Ahora bien, no se trata de anticipar el detalle de lo que se nos avecina. Tal vez (¿cómo saberlo?) en ese hipotético mundo infeliz aumente de forma espectacular la tasa de suicidios y—de manera análoga a lo que sucedía en la novela de Henrik Stangerup El hombre que quería ser culpable— los individuos se vean obligados a organizarse en la clandestinidad para acabar con sus propias vidas. O quizá simplemente suceda que se extienda como una mancha de aceite el sentimiento de decepción ante la expectativa insatisfecha: ahora que podíamos empezar a pensar en prolongar de manera indefinida nuestra estancia aquí, se dirán muchos, resulta que ya no vale la pena quedarse.
[...] Porque el abandono de la expectativa de una vida superior que nos aguarde después de la muerte ha alterado por completo nuestra idea de lo que significa una vida plena. No está claro que hayamos ganado con el cambio, si planteamos la cosa con la ironía con la lo hecho la socióloga alemana Marianne Gronemeyer: «La gente de la Edad Media vivía muchos más años que nosotros. Nosotros vivimos noventa años y se acabó; ellos vivían treinta... más toda la eternidad». Ahora, desaparecido aquel horizonte, no queda otra que intentar materializar a lo largo de nuestra vida mortal el mayor número de opciones posibles de entre las inmensas posibilidades que el mundo ofrece. El problema es que, por más que nos esforcemos, ofrece más de lo que cabe experimentar en el curso de una sola vida, en tanto que la aspiración del hombre moderno es saborear la vida en todos sus altibajos y en toda su complejidad. La divergencia es dramática: no hay forma humana (nunca mejor dicho) de que la vida individual alcance a la desbordante riqueza del mundo, o, si se quiere plantear esto mismo en los términos especulativos que corresponden (los formulados por Blumenberg), el tiempo percibido del mundo (Welzerit) y el tiempo de una vida individual (Lebenzeit) tienden a alejarse sin remedio.
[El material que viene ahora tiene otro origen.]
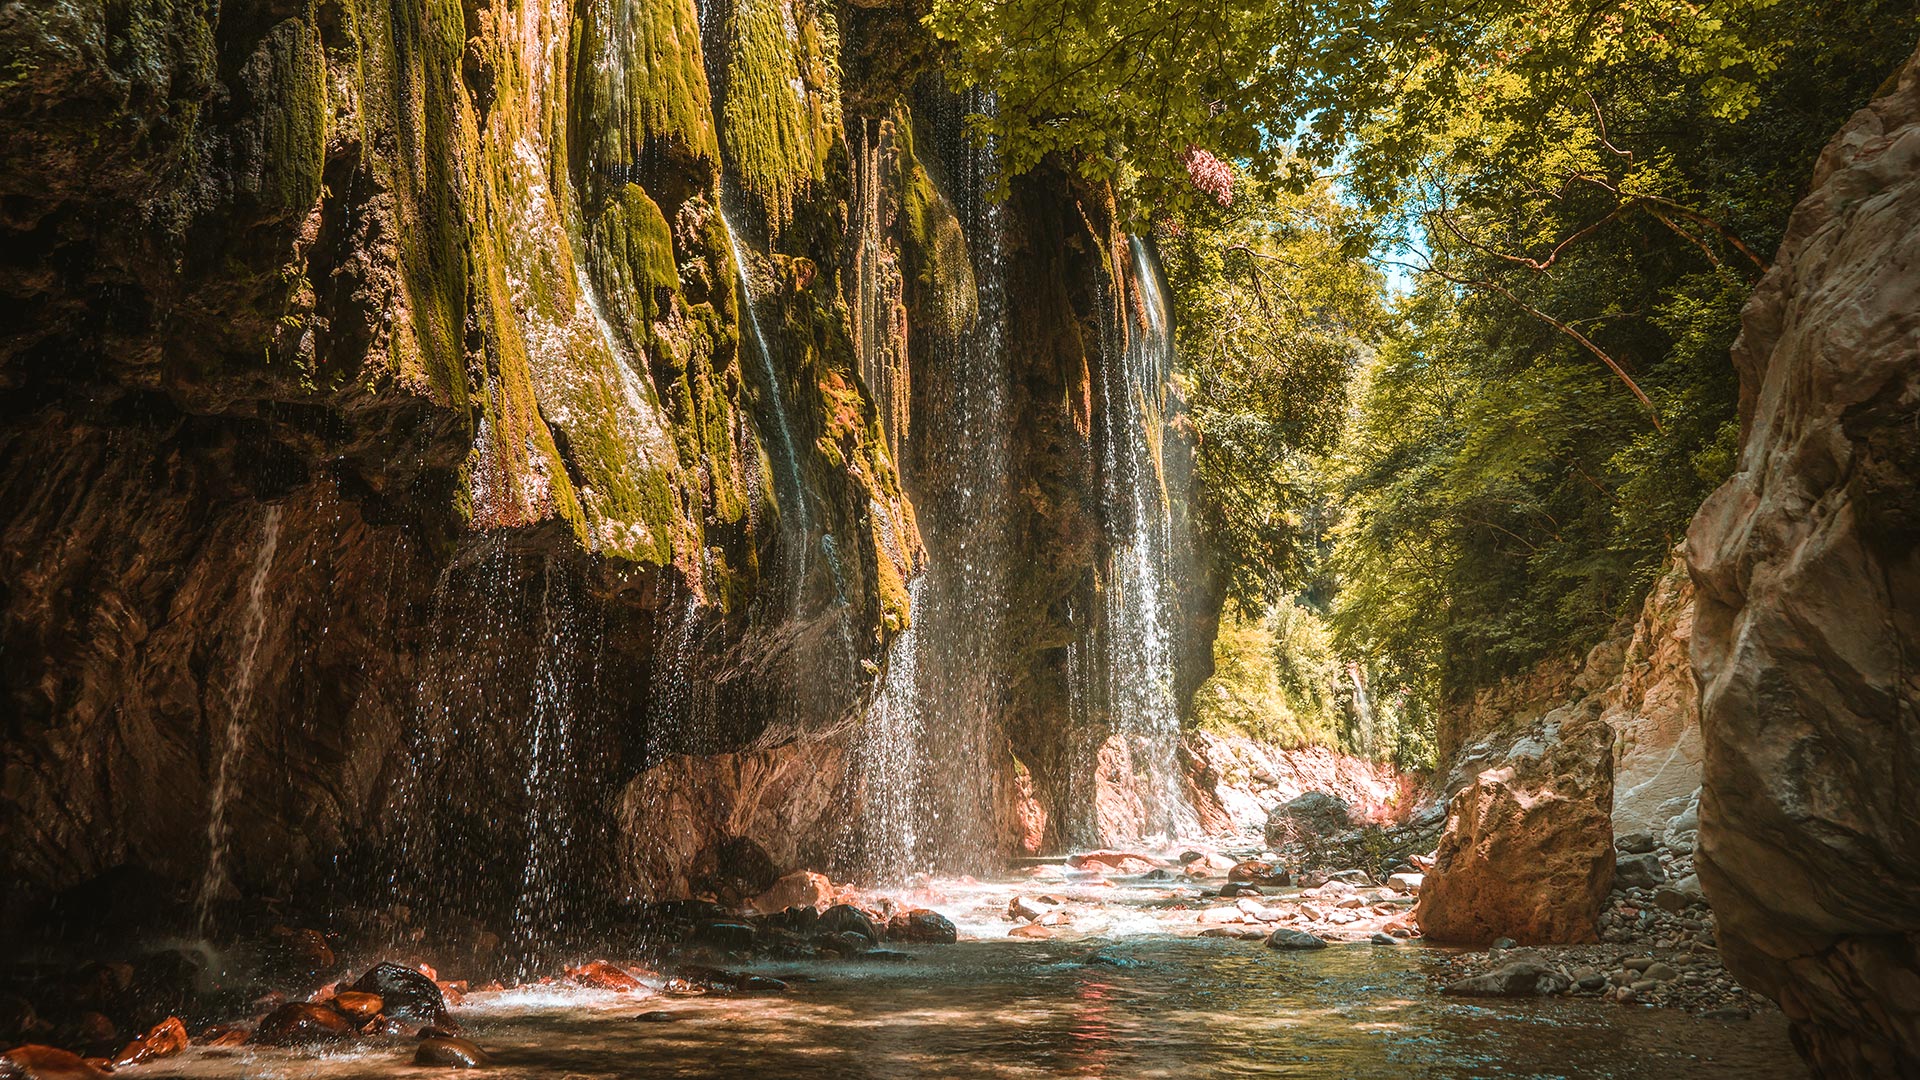 Panta vrechi - "always raining" waterfalls in Central Greece
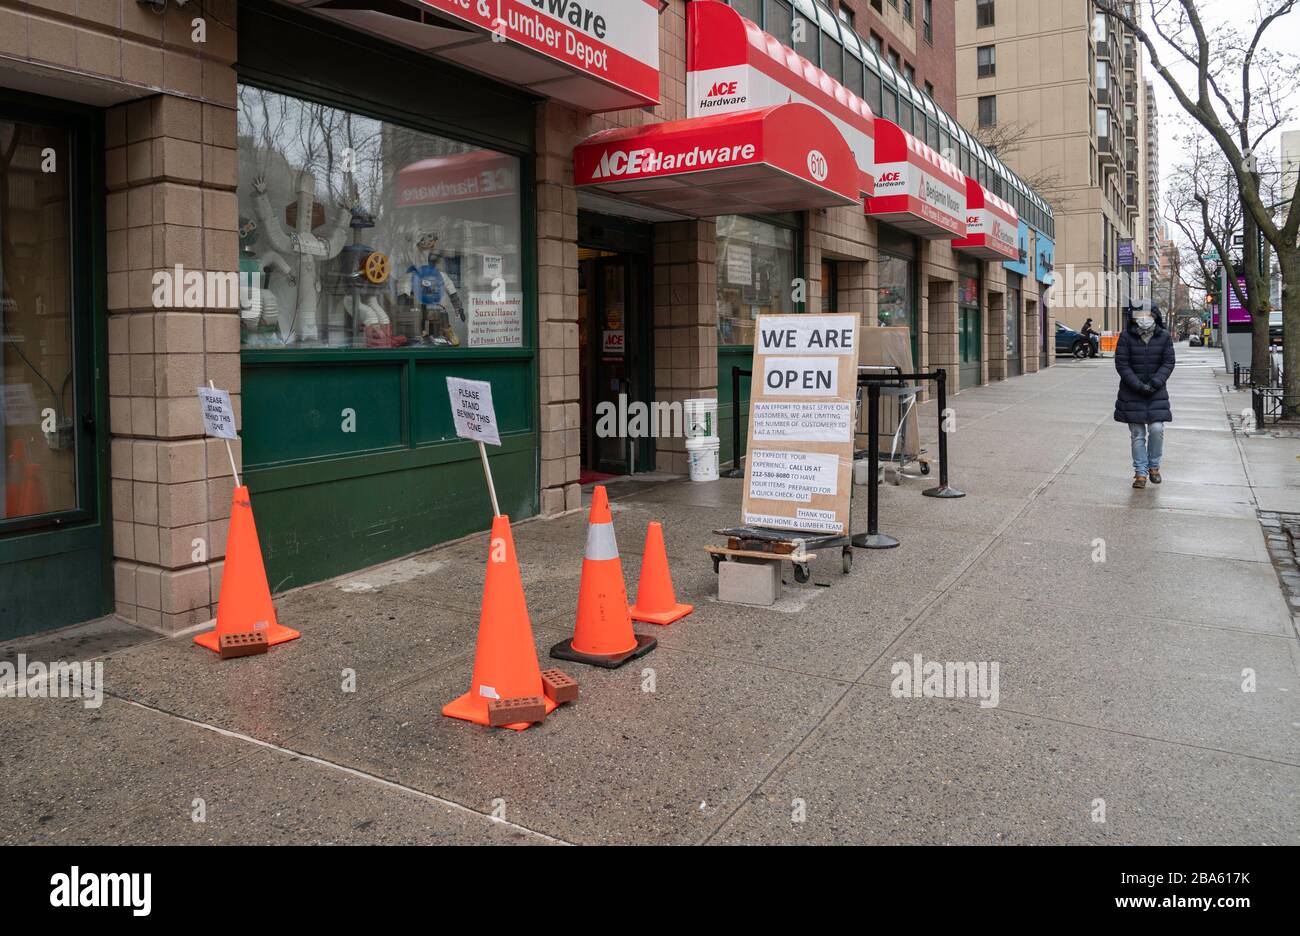 NUEVA YORK, NY - 25 DE MARZO DE 2020. Firme fuera de una tienda ACE hardware en el Upper West Side de Manhattan en la ciudad de Nueva York durante el brote de coronavirus en la ciudad de Nueva York. La Organización Mundial de la Salud declaró que el coronavirus (COVID-19) es una pandemia mundial el 11 de marzo. Foto de stock

La presunta solución a alejarse es tan conocida como falsa: vivamos más deprisa para acumular el máximo de experiencias. Es falsa porque se basa en el espejismo de que aprovechando el tiempo podremos dar alcance al mundo, colocarnos a la altura de sus posibilidades, vivir al compas de su crecimiento. Si embargo, por más eficaces que seamos en la gestión de nuestros recursos, nunca conseguiremos el objetivo porque el número de opciones (del «tiempo del mundo» o «recursos del mundo», por así decirlo) no deja de incrementarse cada vez más. El resultado es que nuestra porción de mundo, la proporción de las opciones del mundo realizadas, respecto de las potencialmente realizables, decrece (al contrario de lo que se nos había prometido si cumplíamos con nuestra parte del pacto: dedicarnos a la tarea de su cumplimiento con la debida intensidad) sin importar cuánto aumentemos el ritmo de vida.